Breastfeeding. Most infants have had no adverse reactions during breastfeeding, but three cases of hepatic dysfunction have been reported. You may want to monitor infant carbamazepine levels, liver enzymes, and a complete blood count if your patient opts to breastfeed on it.
The data on topiramate looks better than for valproic acid, but worse than for lamotrigine. Topiramate monotherapy carries an overall birth defect risk of 5%; the risk of hypospadias is 5.1% and the risk of oral clefts 2.2%. Birth defects don’t appear to be doserelated, so even a tiny amount could lead to trouble. According to the North American Antiepileptic Drug Pregnancy Registry, the birth defect risk is 2.8 times that of the general population (Robinson GE op.cit), prompting the FDA to change topiramate’s pregnancy classification to category D.
Breastfeeding. There are very little data on breastfeeding, but based on one small observational study, infants had very low topiramate concentrations and had no adverse effects (Ohman I et al, Epilepsia 2002;43(10):1157–1160).
Typical antipsychotics do not appear to be associated with birth defects, but can contribute to neonatal withdrawal and extrapyramidal symptoms that can last up to several months.
Atypical antipsychotics are actually fairly safe and well tolerated in pregnancy. In fact, if you’re trying to cut down a medication regimen to one or two medications to prepare for pregnancy, leaving a woman on an atypical antipsychotic alone can be a good choice. It often comes down to a tossup between lamotrigine, an atypical antipsychotic, and lithium. The choice depends on past response, tolerability, and how reliable your patient might be with prenatal monitoring. For me, lithium is often a distant third because of the monitoring hassles.

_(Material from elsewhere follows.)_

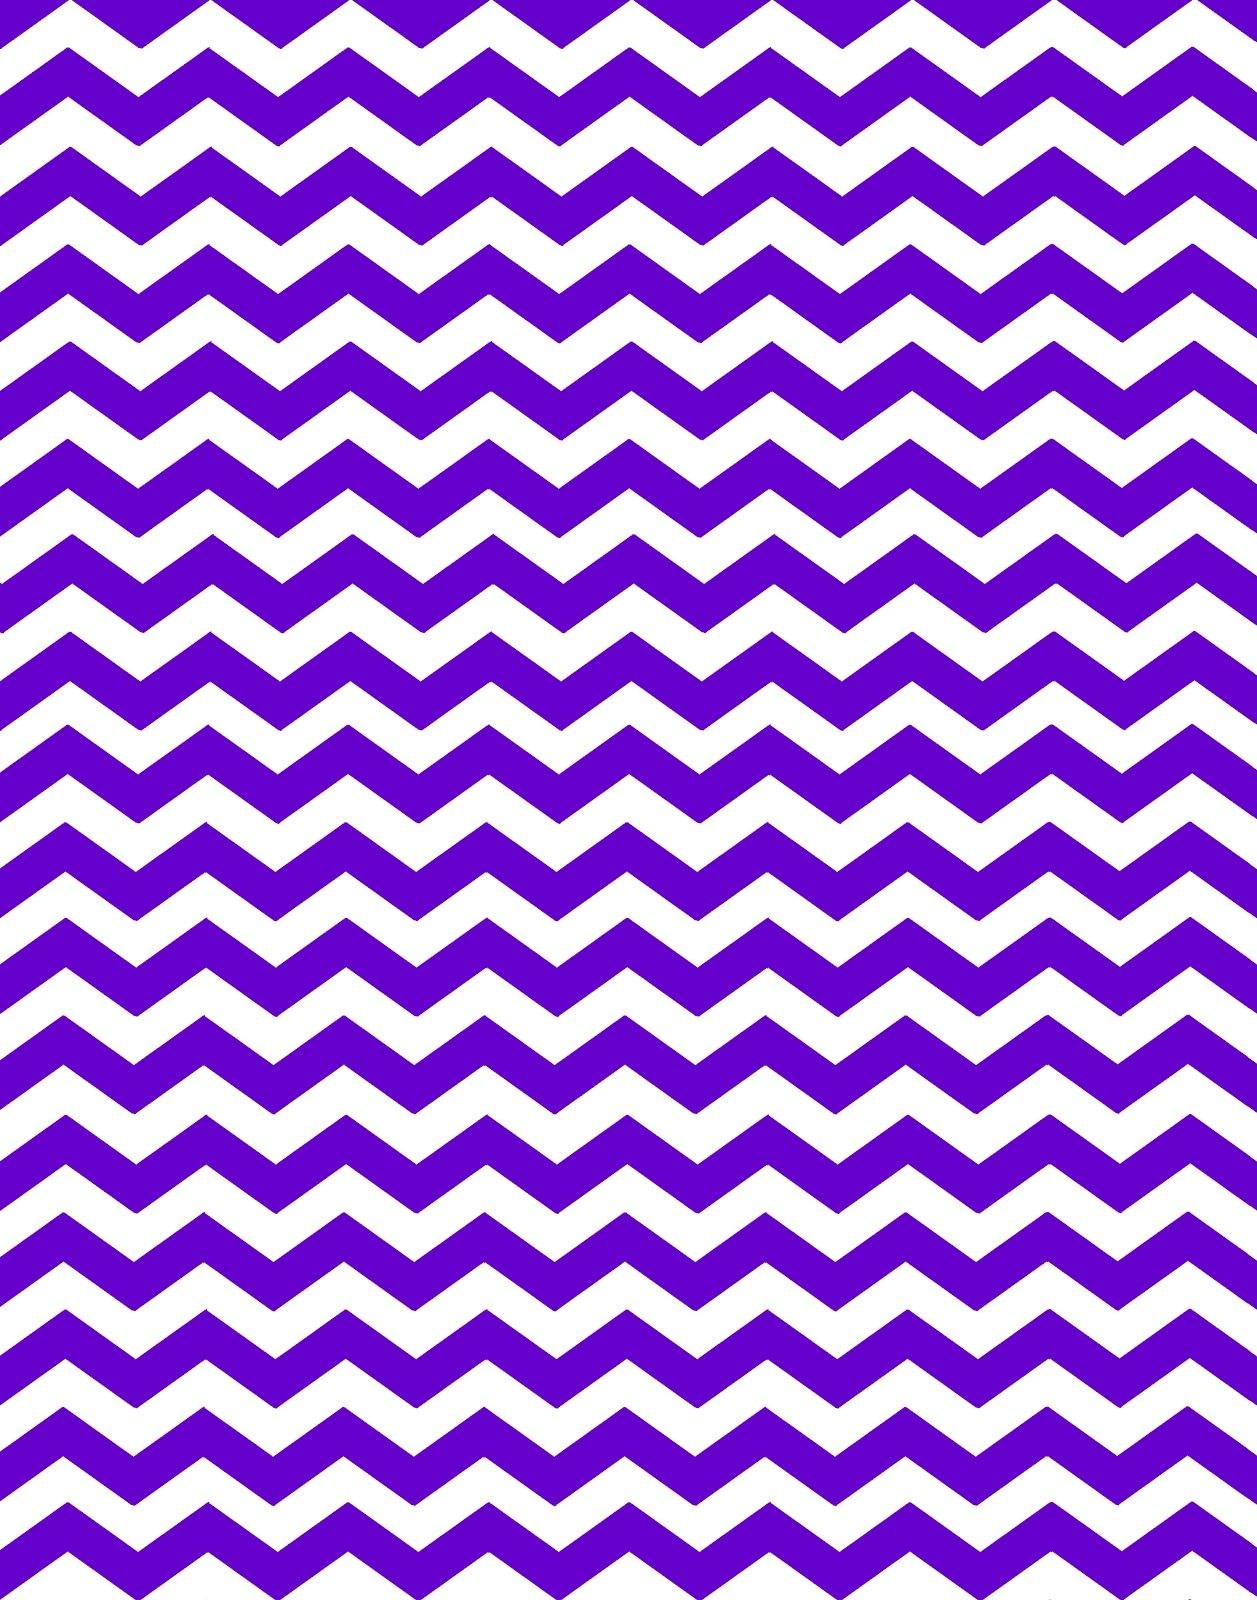 Purple Chevron Background this chevron backround...

Atypical antipsychotics do not seem to be associated with birth defects, but the weight gain associated with their use can increase the risk for neural tube defects, hypertension, and gestational diabetes. Therefore, you should try to use the lowest dose necessary and, as always with the atypicals, you should follow metabolic labs, blood pressure, and weight closely throughout pregnancy.
Breastfeeding. Data suggest that both typicals and atypicals are safe during breastfeeding and no long-term effects have been identified with either class (Robinson GE ibid). There is limited data on atypical agents and breastfeeding, but the data we have suggest that excretion into breast milk is minimal and adverse events are rare.

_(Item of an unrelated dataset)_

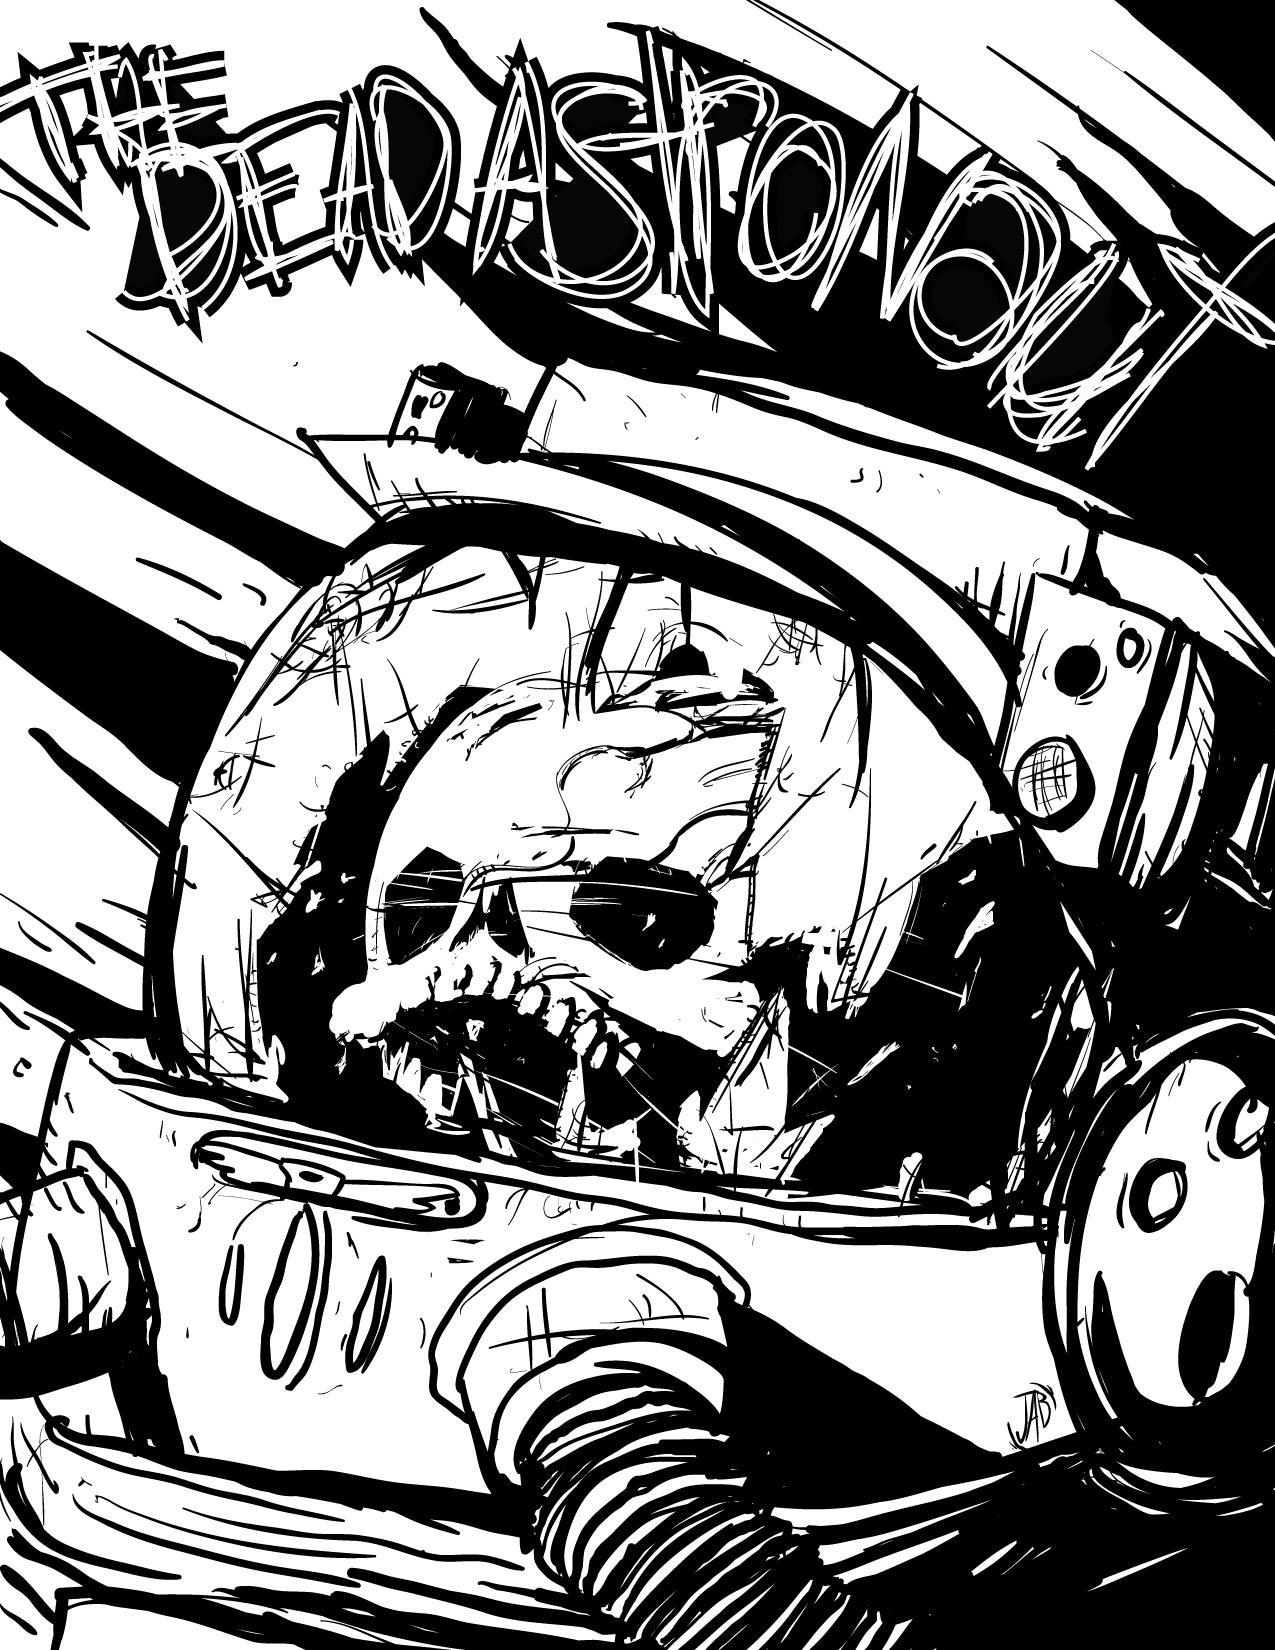 dead astronauts remains - 736×952

With clozapine (Clozaril), patients should avoid breastfeeding because of the potential risk of agranulocytosis or seizures in the baby. Breastfeeding on chlorpromazine (Thorazine) should also be avoided due to the risk of drowsiness in the baby—probably due to its long half-life (Winans EA, J Hum Lact 2001;17(4)344–347). In both cases, if you determine that staying on that particular medication is in the best interest of the mother, bottle-feeding may be the best choice.
First-trimester benzodiazepine use has been associated with a very small (0.7%) increased risk of cleft lip and palate. However, it is fine to use them in the second and third trimesters and during breastfeeding (Nonacs RM, MGH Center for Women’s Health 2007; http:// bit.ly/JCXg5u). There have been some reports of baby withdrawal or oversedation with these medications, but such symptoms are usually mild and self-limiting.
Breastfeeding. Lorazepam (Ativan) has a shorter half-life than other benzodiazepines and there is less risk of it building up in the baby and potentially causing lethargy.
TCPR’S VERDICT: When trying to pare down a medication regimen for bipolar disorder in pregnancy, stay away from valproic acid, and stick with lamotrigine or an atypical antipsychotic. Lithium isn’t as bad as people make it out to be, but the monitoring can be taxing. And close follow-up—ideally involving the patient’s partner and obstetrician—is valuable.